Where Linux's load average comes from in the kernel
Suppose, not hypothetically, that you have a machine that periodically has its load average briefly soar to relatively absurd levels for no obvious reason; the machine is normally at, say, 0.5 load average but briefly spikes to 10 or 15 a number of times a day. You would like to know why this happens. Capturing 'top' output once a minute doesn't show anything revealing, and since these spikes are unpredictable it's difficult to watch top continuously to possibly catch one in action. A starting point is to understand how the Linux kernel puts the load average together.
(This is on a multi-user login machine with a lot of people logged in, so one obvious general hypothesis is that there is some per-user background daemon or process that periodically wakes up and sometimes they're all synchronized together, creating a brief load spike as they all try to get scheduled and run at once.)
The core calculations are in kernel/sched/loadavg.c.
As lots of things will tell you, the load average is "an exponentially
decaying average" of a series of instantaneous samples. These samples
are taken at intervals of
LOAD_FREQ (currently set to 5 seconds
To simplify a complicated implementation, the samples are the sum
of the per-CPU counts of the number of running tasks and uninterruptible
tasks (nr_running and nr_uninterruptible). The every five
second load average calculation doesn't compute these two counts
on the fly; instead they're maintained by the general kernel
scheduling code and then sampled. This means that if we somehow hook into
this periodic sampling with things like eBPF, we can't see the exact tasks
and programs involved in creating the load average; more or less the best
we could do would be to see the total numbers at each sample.
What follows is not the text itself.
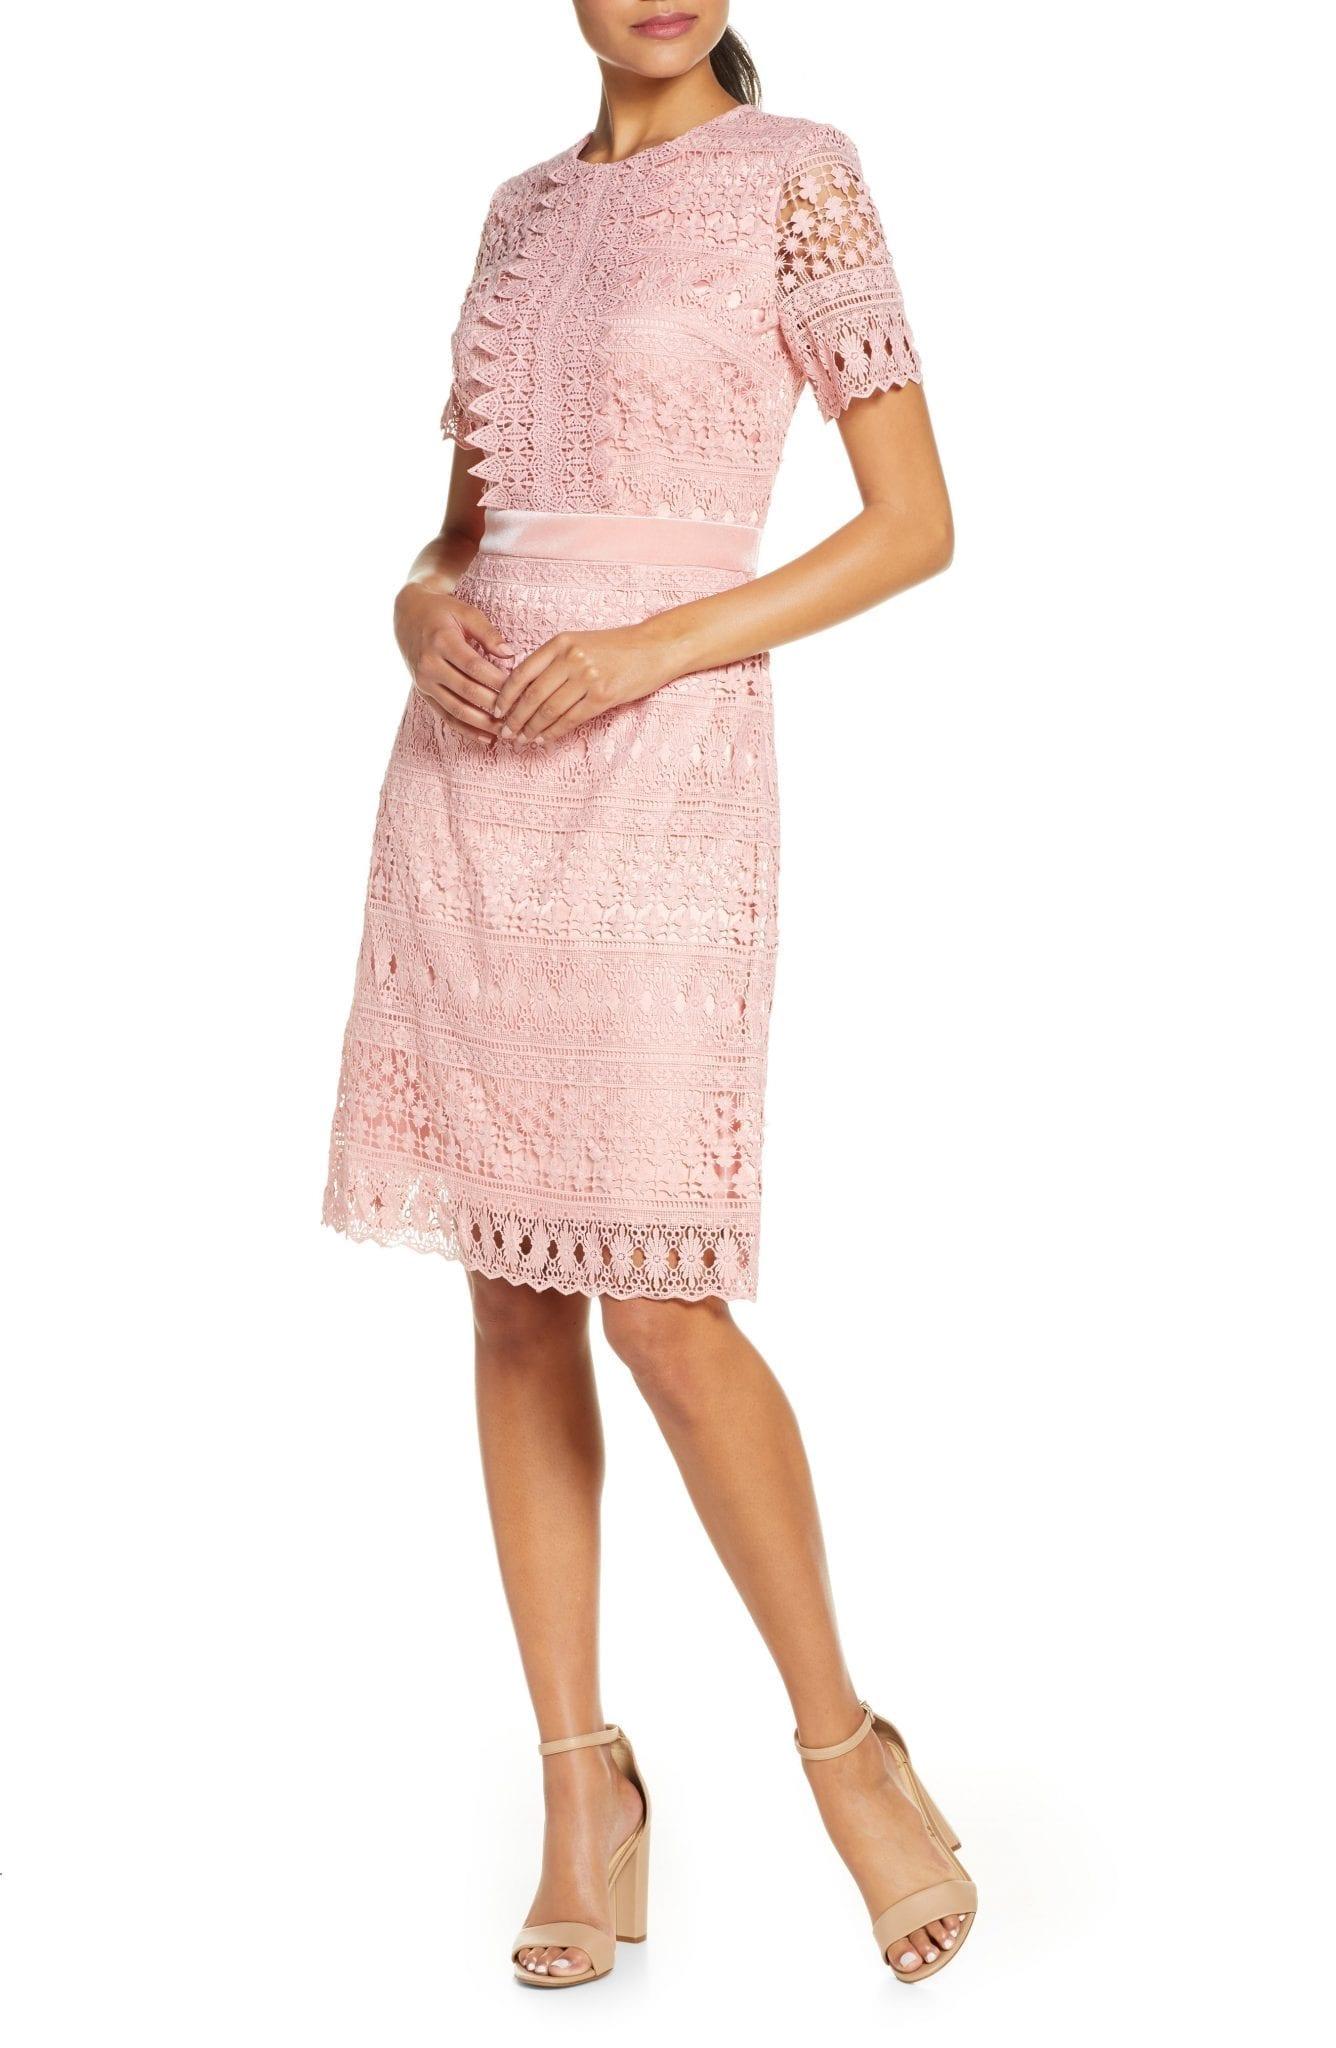 RACHEL PARCELL Lace Dress

(This would already tell us more information than is generally exposed by 'top' and the load average; if nothing else, it might tell us how fast the spike happens, how high it reaches, and whether it's running tasks or tasks waiting on IO.)
When a task adds to or reduces the number of uninterruptible tasks is somewhat accessible. A task exits this state in ttwu_do_activate() in kernel/sched/core.c under conditions that are probably accessible to eBPF. A task increases the number of uninterruptible tasks in the depths of __schedule(), depths which don't seem amenable to hooking by eBPF; however I think you might be able to conditionally hook deactivate_task() to record this.
As you might expect, tasks become runnable or stop being runnable all somewhat all over the place, and the code that tracks and implements this is distributed around a number of kernel functions, some of them inlined ones from headers (plus, the kernel has more than one scheduler). It's not clear to me if there's any readily accessible eBPF tracepoints or kernel functions that could be used to hook into when a particular task becomes runnable or stops being runnable. There does seem to be a scheduler tracepoint for when this number changes, but I'm not certain if you can extract the task information from the tracepoints (and I think sometimes a number of tasks can become runnable all at once).
The current instant value of nr_running is exposed in /proc/loadavg, as covered in proc(5), and as a result often makes it into metrics systems. I don't think nr_uninterruptible is exposed anywhere that's readily accessible. However, cgroups v1 does report it through the general taskstats accounting interface, sort of per cgroupstats.rst, with the disclaimer that I'm not sure how this interacts with systemd's cgroups stunts. The kernel's tools/accounting/getdelays.c does seem to work system-wide, if you run it as eg 'getdelays -C /sys/fs/cgroup/cpu,cpuacct', but you need to build the right version of it; the version in the kernel's current source tree may not compile on older kernels.
Having gone through all of this, what I've learned is that tracing this area with eBPF is probably too much work, but we could probably get a fair with dumping basic process information every few seconds, since the load average is only updated every five seconds or so and what matters is the current state of things close to that time. Sadly I don't think the kernel offers a way to get a bulk dump of current processes and their states, say via netlink; instead I think you have to go through /proc yourself (or let ps do it with an appropriate output format).